Первая послушница нагадала себе, что придёт за ней в этом году Жёлтая смерть и пожрёт её дочиста.

Вторая послушница посулила самой себе, что явится за ней сам апостол Патрикей и утащит за волосы в самую кромешную пропасть ада.

Третьей выпало: что бы ни произошло с ней в год наставший, от всего оборонит её матушка-настоятельница Бригитта. Радостно было Третьей послушнице, а Первая со Второй затаили обиду. Как так! Первая – младшая дочь туата-рига муманов, отец за неё отдал в монастырь трижды девять самых тучных коров своего стада. Вторая – по материнской линии правнучатая племянница самого Ньяла Девяти Заложников, и поступление её в послушание – уже сама по себе немалая честь для Килдара и самой аббатисы. А тут какая-то безродная Третья получила заступничество матери Бригитты! За что? За усердную работу в овчарне? За удачный выпас всего монастырского скота? За сверх предела заготовку корма на зиму? Так ей и положено – на берегу моря нашли несчастную прошлым летом, видать, в рабство везли, да прибрал тот корабль Лир-Море со всей командой. Судить-рядить можно было сколько угодно: спасённая, изъявившая желание войти в послушание к матери Бригитте, всё равно так никому ничего и не рассказала. Кое-кто даже думал, что она – роана, тюлень-оборотень.

В общем, порешили Первая и Вторая послушницы Третью погубить. Сговорились меж собой и стали вынашивать планы.

Миновал Имолаг, наступала Пасха, поиссохла дорожная распутица, и тракты вновь стали пригодны для путешествий. Прислал туата-риг муманов новые дары в монастырь. Побежала Первая послушница к обозам наперерез, едва увидав из-за ограды родные вымпелы на древках копий, разыскала подле них своего старого родича, с детства её растившего, бросилась к нему на шею и так завралась ему в слезах о Третьей послушнице, что та, мол, гибель ей готовит!.. Внял родич той лжи и решил отрядить верного своего человека схорониться в амбаре и, улучив момент, предать девку смерти.

Довольная вернулась Первая послушница в монастырь. Как тайком убежала навстречу возам с дарами, так тайком и прибежала обратно. Только мудрая мать-настоятельница Бригитта не пустила возы внутрь, боясь Жёлтой смерти, и встали муманы лагерем под холмом, на котором возвышалась обитель. А поутру начался средь них мор, ибо Жёлтую смерть принесли они на своих плечах.
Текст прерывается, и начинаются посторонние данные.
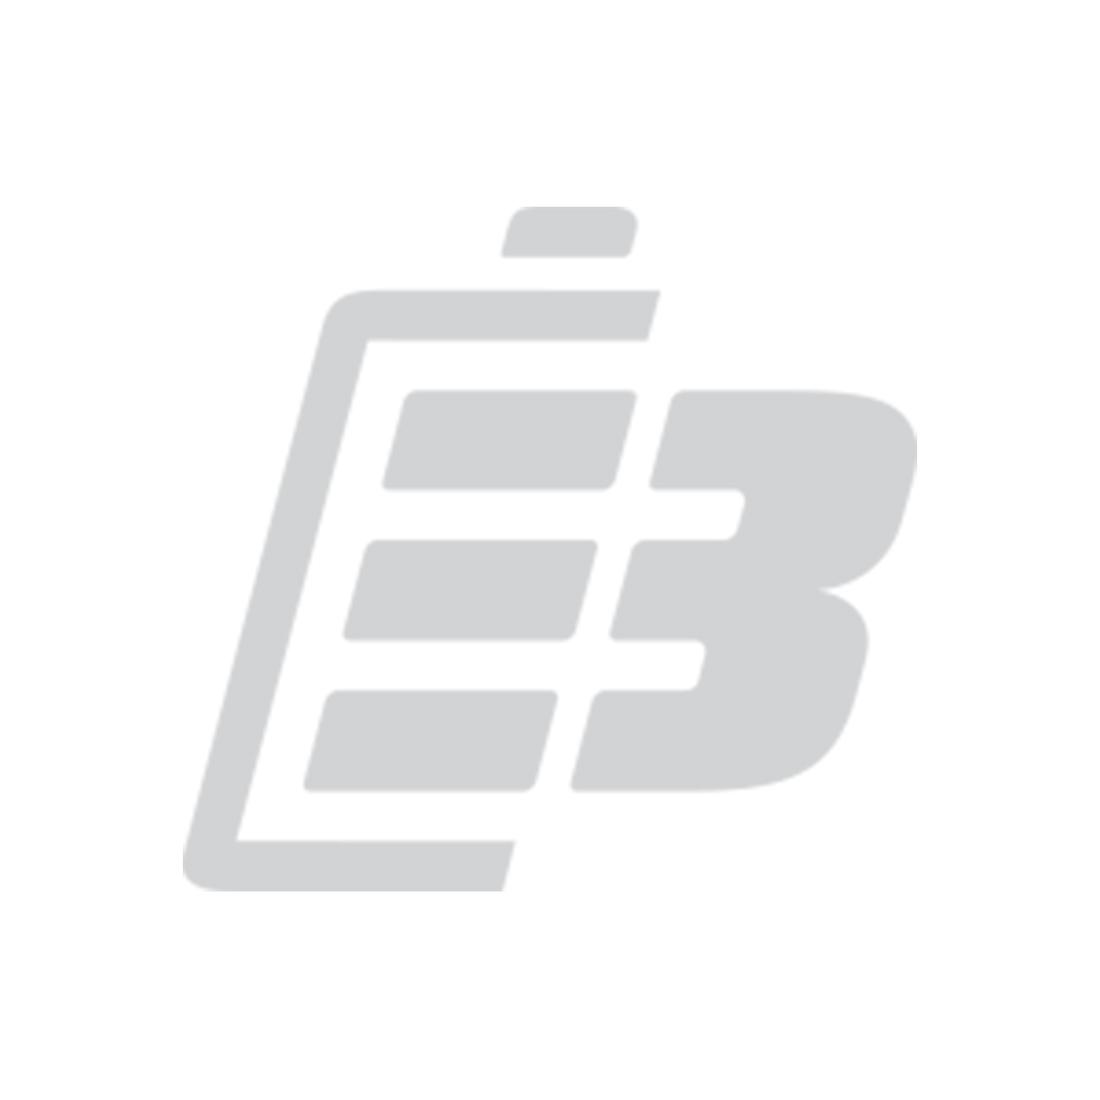 Μπαταρία Laptop Fujitsu LifeBook E8410_1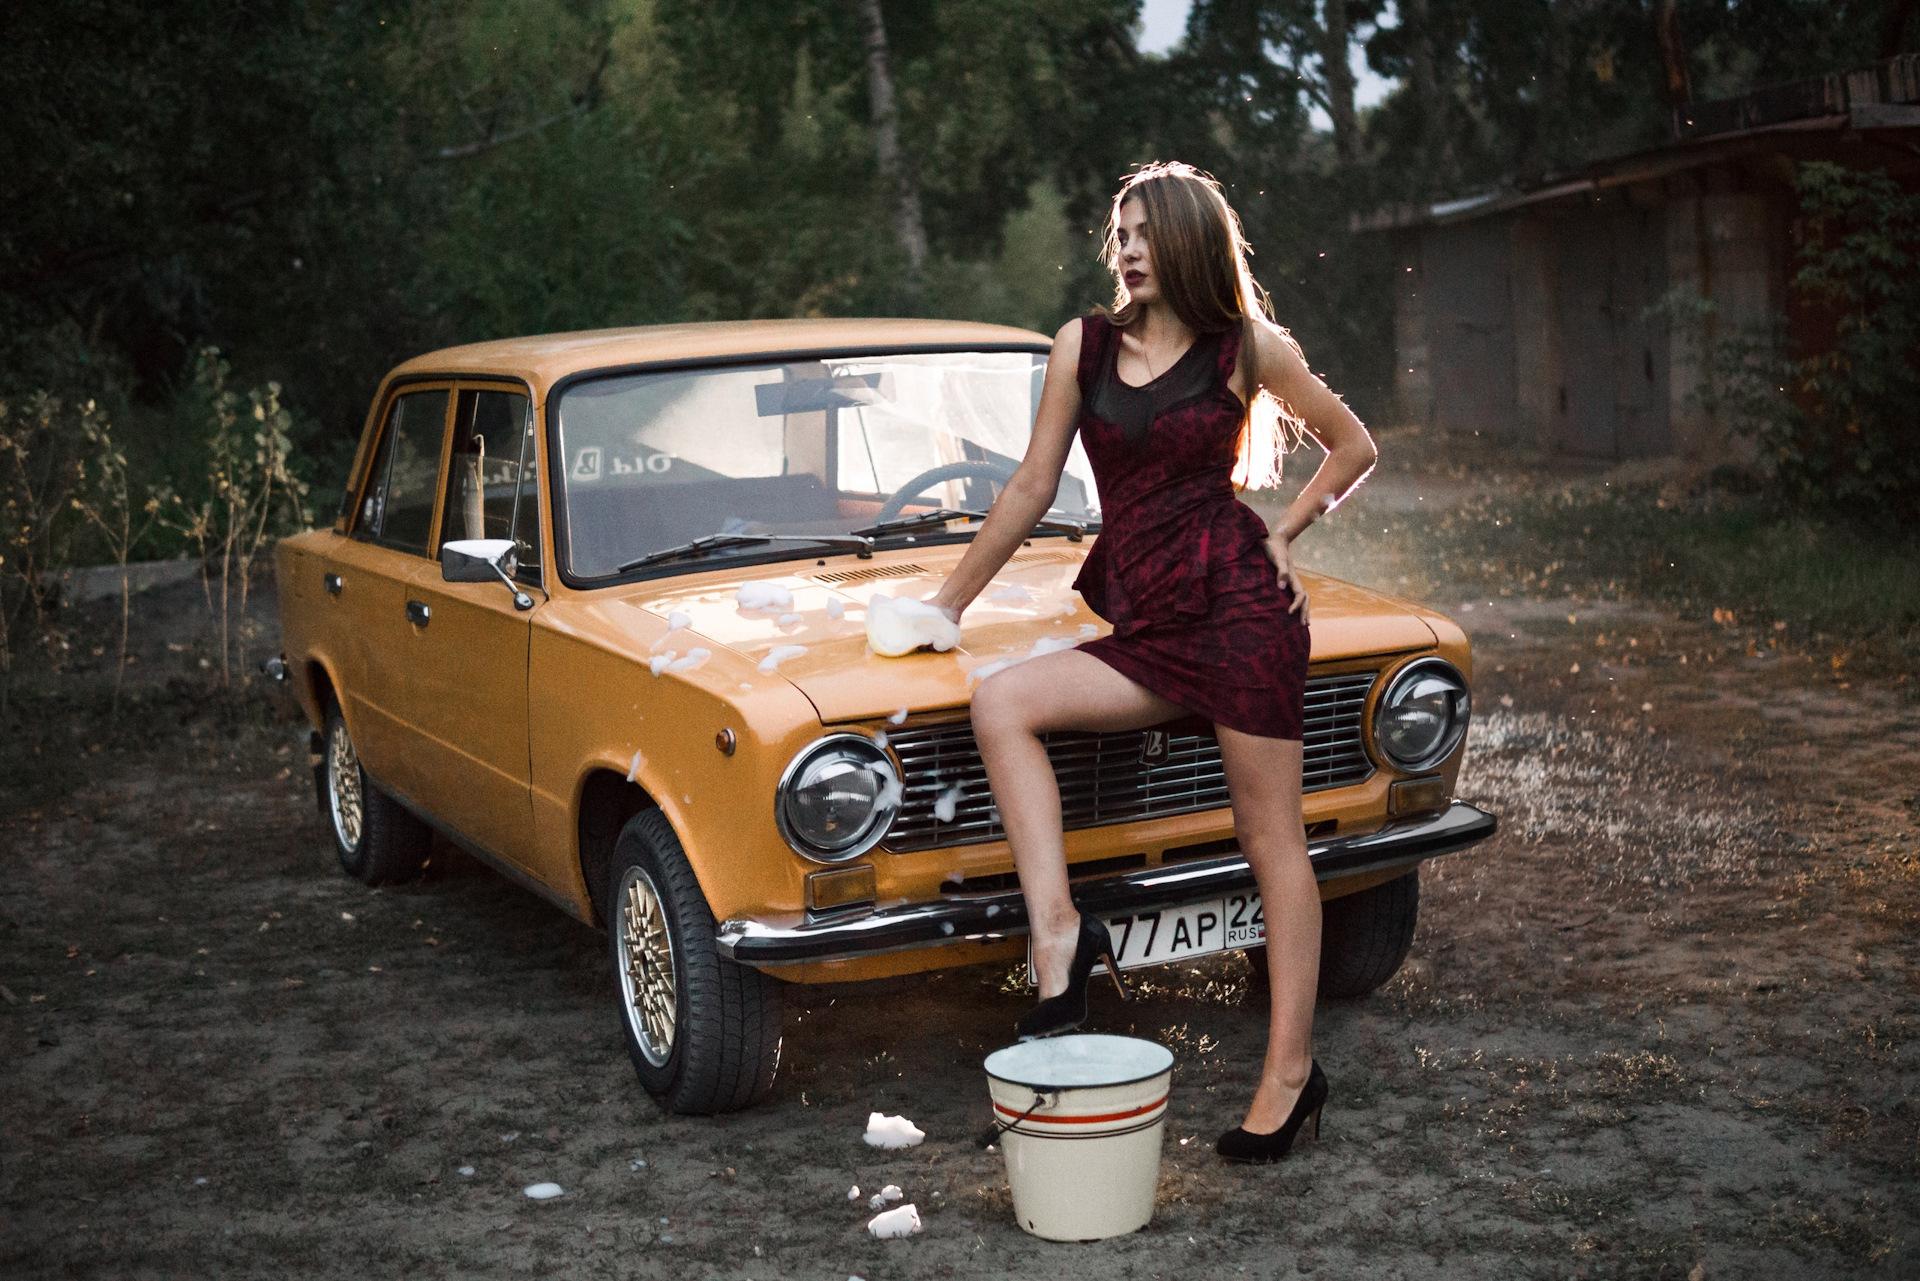 Медленно дрочит ретро фото русских телок эмблемы фото египетские

Так погибла и заразившаяся от земляков Первая послушница, да не одна, а с несколькими обитателями Килдара, с которыми было у неё ближнее соседство.

Вторая послушница, зная о замысле Первой, очень испугалась и действительно уверилась в колдовской силе Третьей. Страх оказался сильнее разума, и Вторая принялась сеять вражду к Третьей среди всех обитателей монастыря. Говорила, что если общим решением Третья не будет изгнана, то родичи её, всесильные Уи Нейллы, потомки Ньялла Девяти Заложников, обрушат свой гнев на Килдар и предадут его разорению.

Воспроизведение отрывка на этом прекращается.